Bayesian Markov Blanket Estimation

TL;DR

This paper introduces a Bayesian method for efficiently estimating a sub-network, specifically the Markov blanket, within a large Markov random field, enabling faster and scalable inference.

Contribution

It develops a novel Bayesian inference scheme that decouples the Markov blanket estimation from the entire network, improving scalability and convergence speed.

Findings

Linear scaling Gibbs sampler for large neighborhoods

Faster convergence compared to existing methods

Superior mixing of the Markov chain

Abstract

This paper considers a Bayesian view for estimating a sub-network in a Markov random field. The sub-network corresponds to the Markov blanket of a set of query variables, where the set of potential neighbours here is big.

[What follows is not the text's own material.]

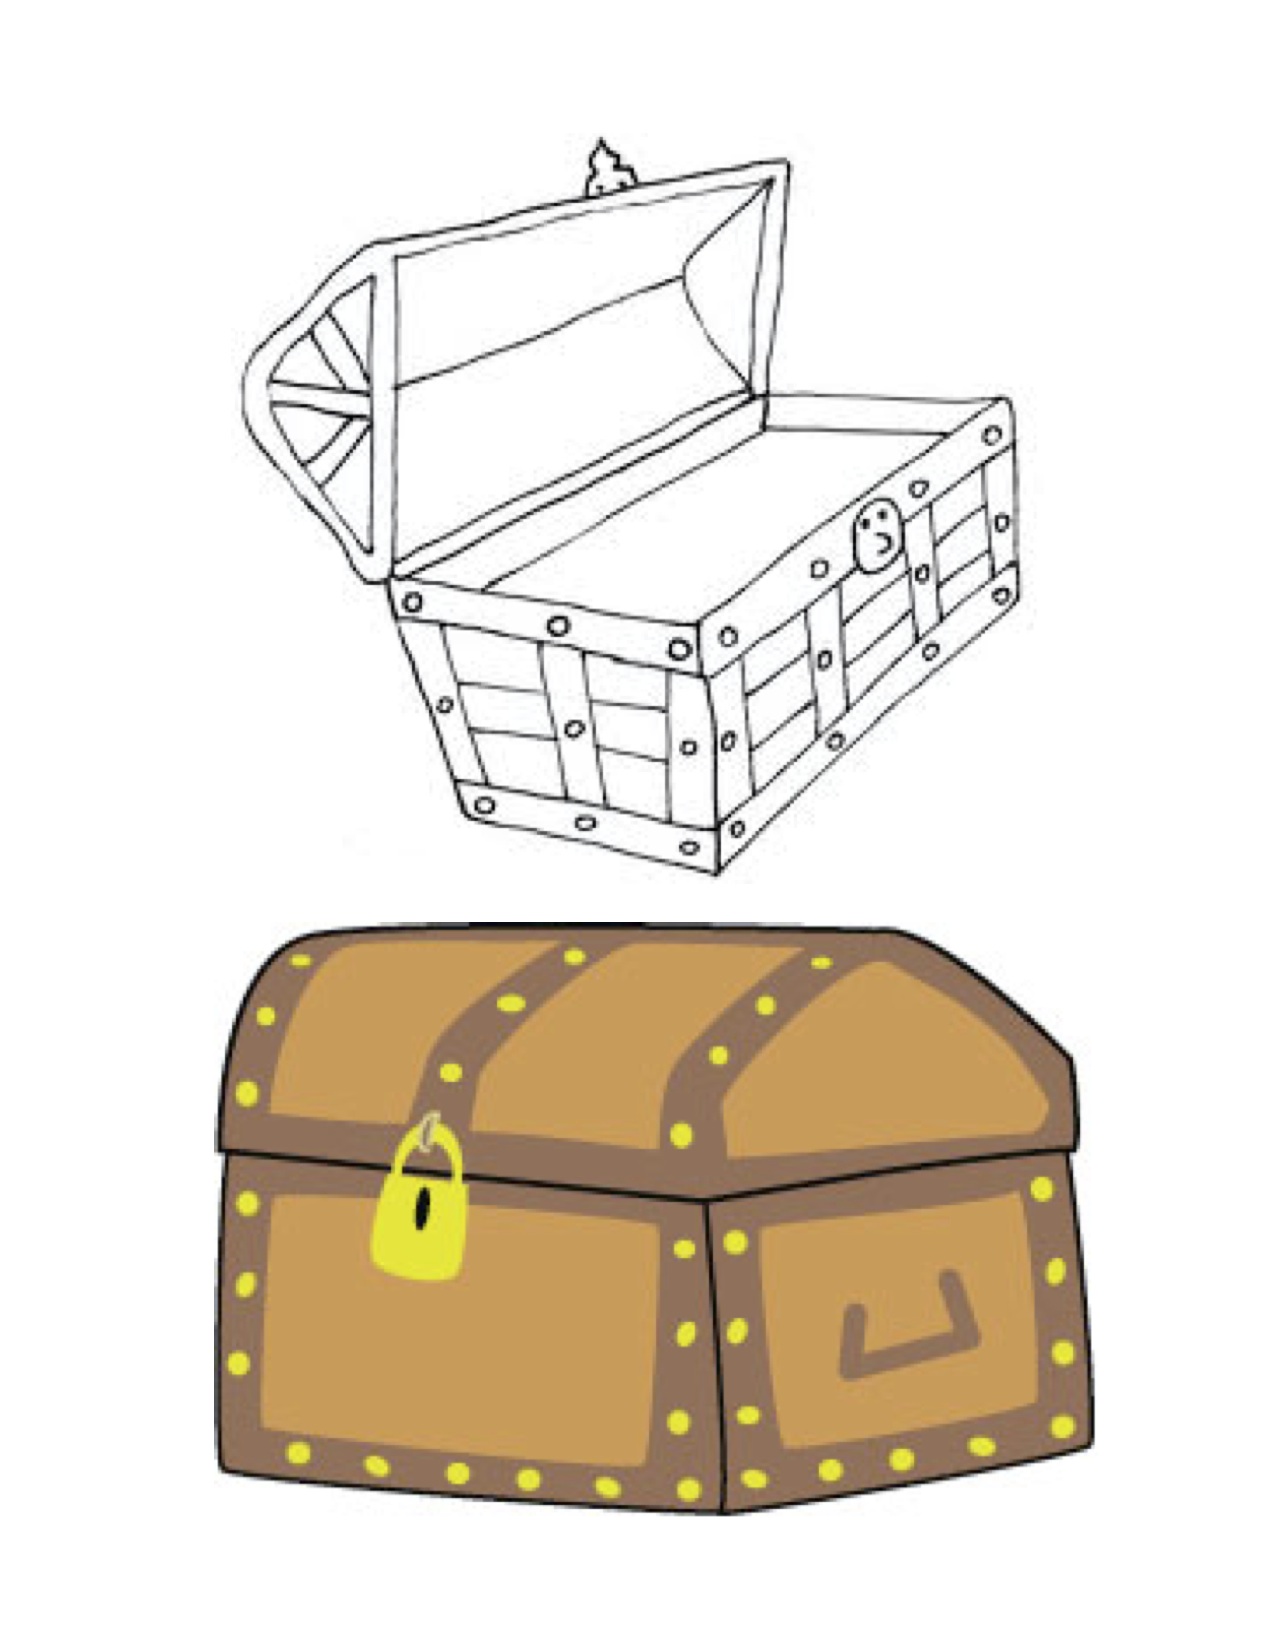 free clipart images treasure chest - photo #48
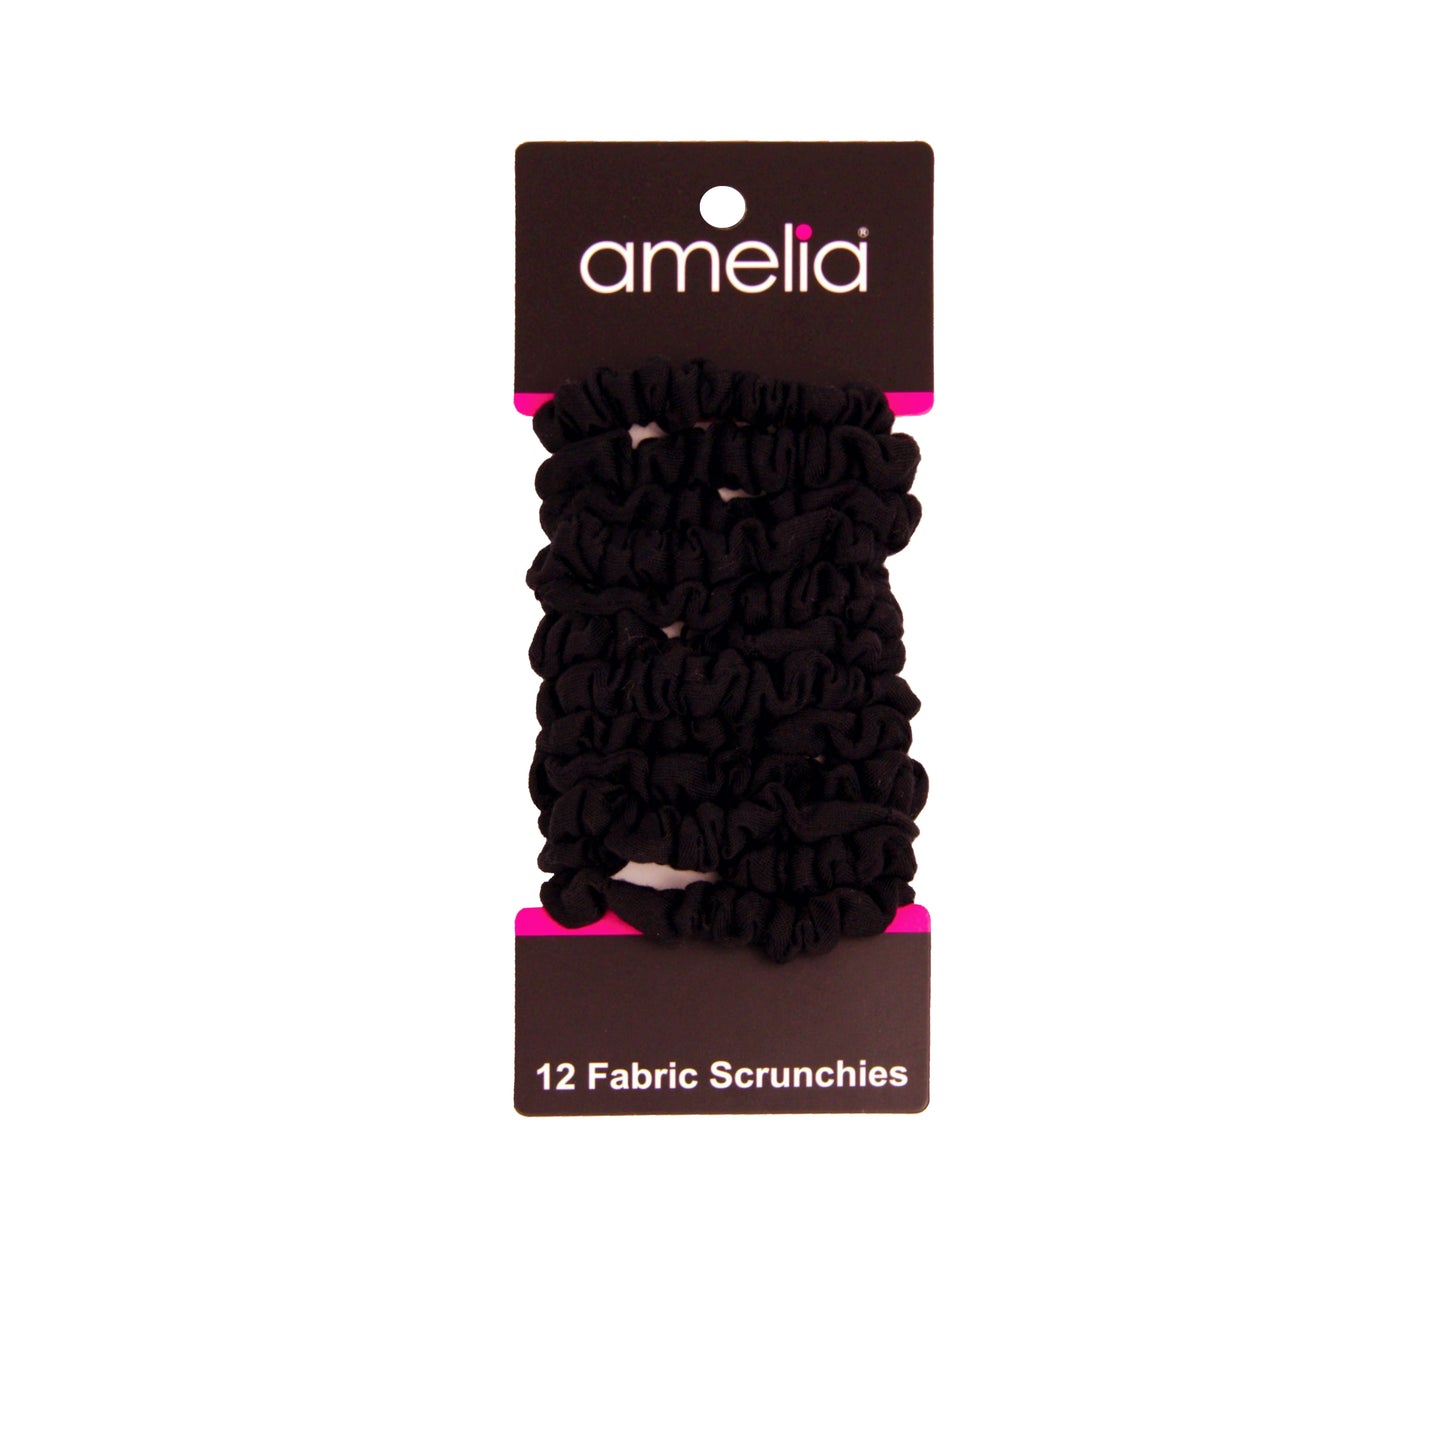 Amelia Beauty, Black Jersey Scrunchies, 2.25in Diameter, Gentle on Hair, Strong Hold, No Snag, No Dents or Creases. 12 Pack

We factorize the posterior such that the Markov blanket is conditionally independent of the network of the potential neighbours. By exploiting this blockwise decoupling, we derive analytic expressions for posterior conditionals. Subsequently, we develop an inference scheme which makes use of the factorization. As a result, estimation of a sub-network is possible without inferring an entire network. Since the resulting Gibbs sampler scales linearly with the number of variables, it can handle relatively large neighbourhoods. The proposed scheme results in faster convergence and superior mixing of the Markov chain than existing Bayesian network estimation techniques.